Aus Richtung Süden steuern die Piloten zwischen Stockstadt und Babenhausen nach Norden und drehen westlich von Mainhausen und südwestlich von Seligenstadt Richtung Flughafen ein, fliegen über Weiskirchen zur A3 und dann den gleichen Weg wie beim Anflug aus dem Norden. Mit dem neuen Anflugverfahren, das Teil des Maßnahmenpaktes Aktiver Schallschutz ist, werden nach Angaben der Deutschen Flugsicherung und der Lufthansa vor allem Hanau und Offenbach (Betriebsrichtung Ost) und Mainz (Betriebsrichtung West) von Lärm entlastet.

Das Anflugverfahren ist bei Betriebsrichtung Ost seit dem gestrigen Dienstag erlaubt, für die Betriebsrichtung West soll die Genehmigung der Flugsicherung in den nächsten Tagen kommen. „Damit löst die DFS die Zusage ein, noch vor der Inbetriebnahme der neuen Landebahn Nordwest lärmmindernde Verfahren im Rhein-Main-Gebiet einzuführen“, sagte ein Sprecher der DFS.

Mit dem Erwerb von sechs Fluglärmmessstationen durch den Planungsverband und die Zusage Raunheims, einen Server für die Weitergabe von Lärmdaten aufzubauen, ist in die Inbetriebnahme eines öffentlichen Fluglärm- und Flugroutenbeobachtungssystems durch das Umwelthaus sichergestellt. Die Inbetriebnahme schien gefährdet, weil das Frankfurter Parlament eine Beteiligung abgelehnt hatte. Eine der neuen Stationen wird in Offenbach aufgebaut, eine zweite in Rüsselsheim. Messstationen und Server sind bestellt und sollen Ende Februar in Betrieb gehen.

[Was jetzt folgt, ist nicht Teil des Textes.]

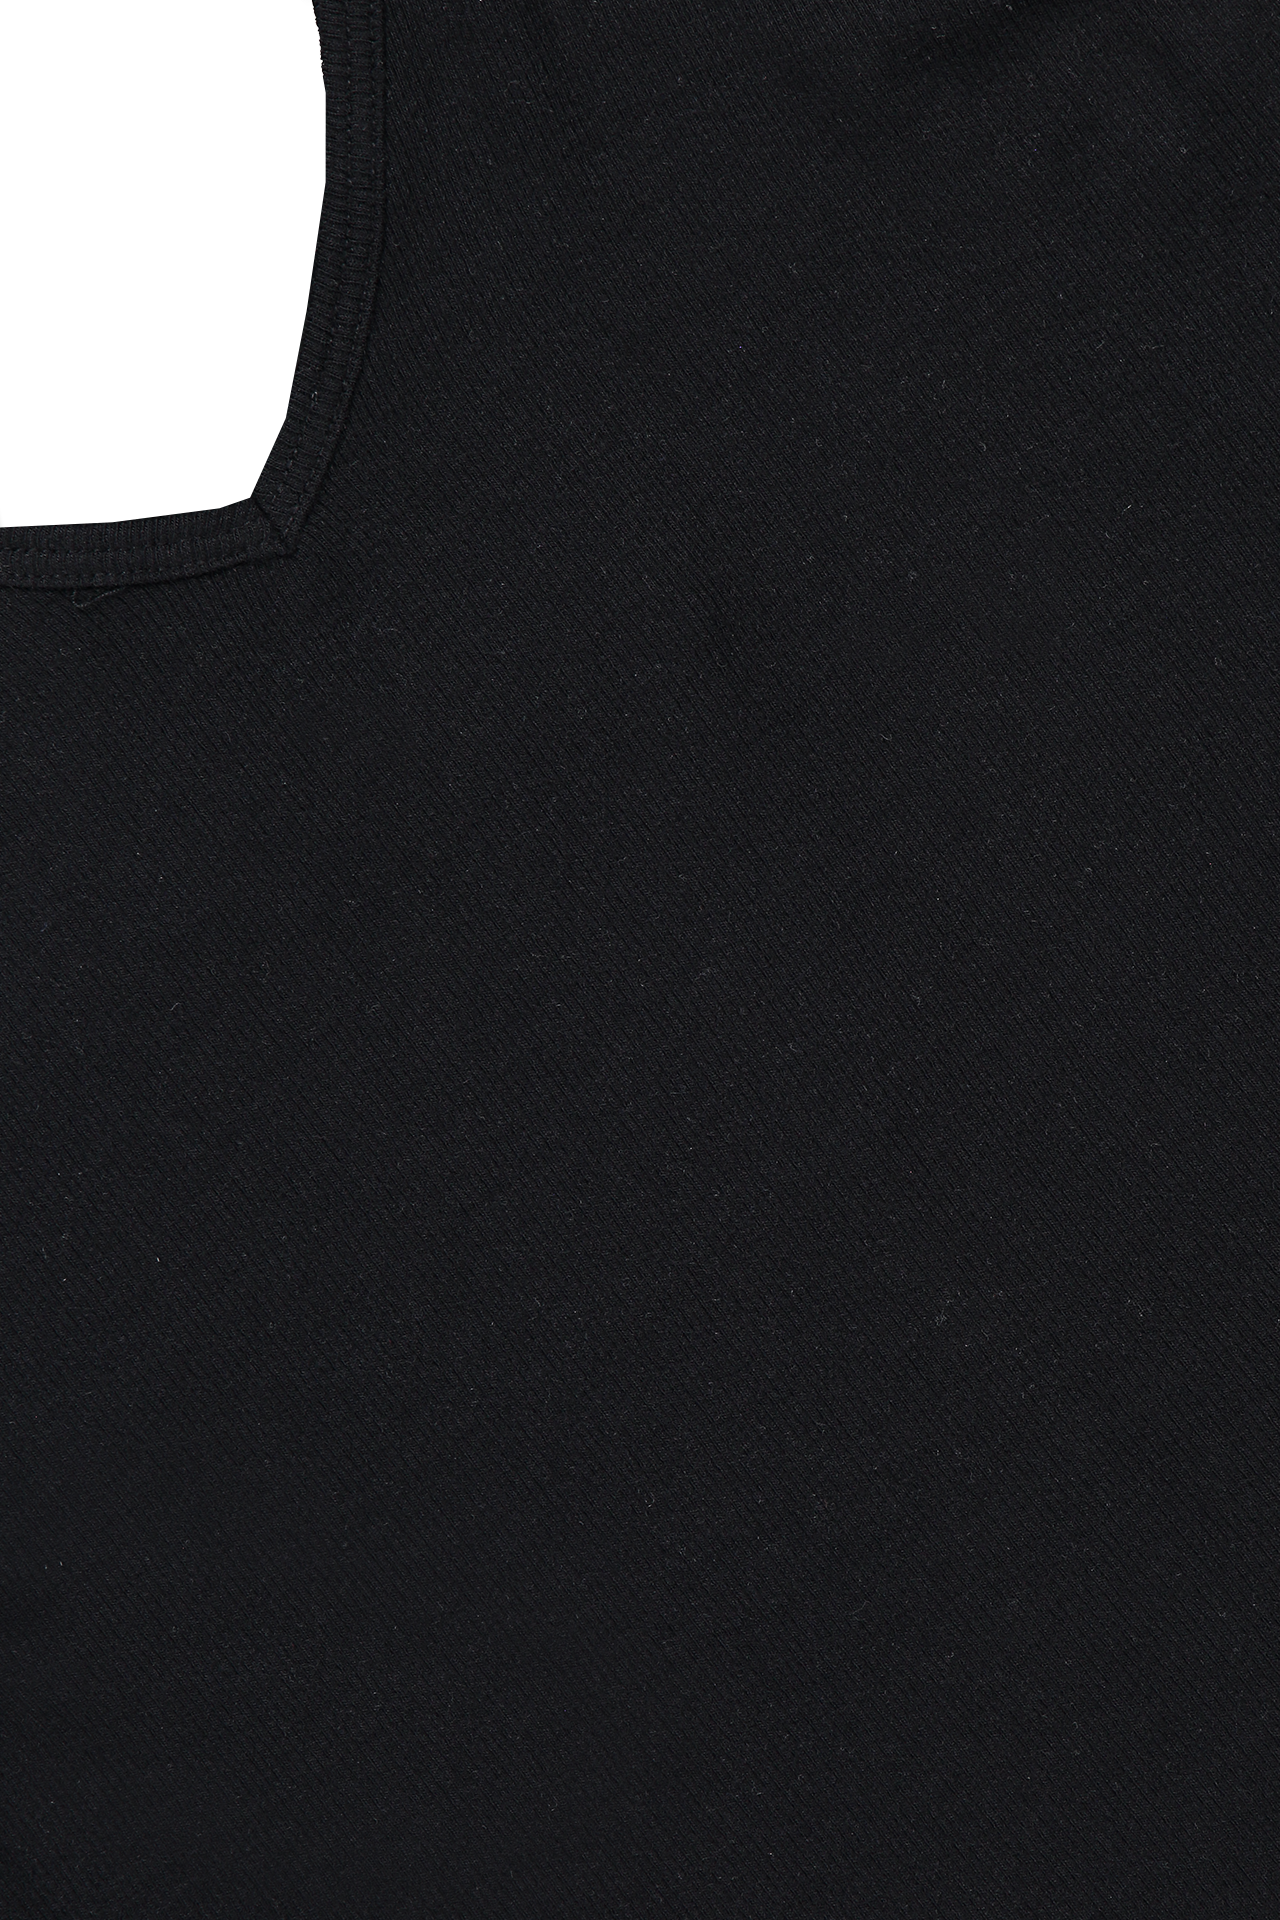 ATM V-Neck Tank Bodysuit Black Collar Detail (6616001937523)

Wegen der Zustimmung der FDP zum Antrag der Flughafenausbaugegner (FAG) im Frankfurter Parlament, am Fluglärmmonitoring nicht teilzunehmen, hat die FDP in der Landesregierung den Frankfurter Freidemokraten einen Rüffel erteilt. Vor der Entscheidung im Stadtparlament hatten die Koalitionspartner CDU und Grüne vergeblich versucht, die FDP umzustimmen. Nach FR-Informationen hat eine Mehrheit in der FDP-Fraktion die Zustimmung zum Antrag damit begründet, einer grünen Umweltdezernentin keinen Einfluss auf den Airport gewähren zu wollen.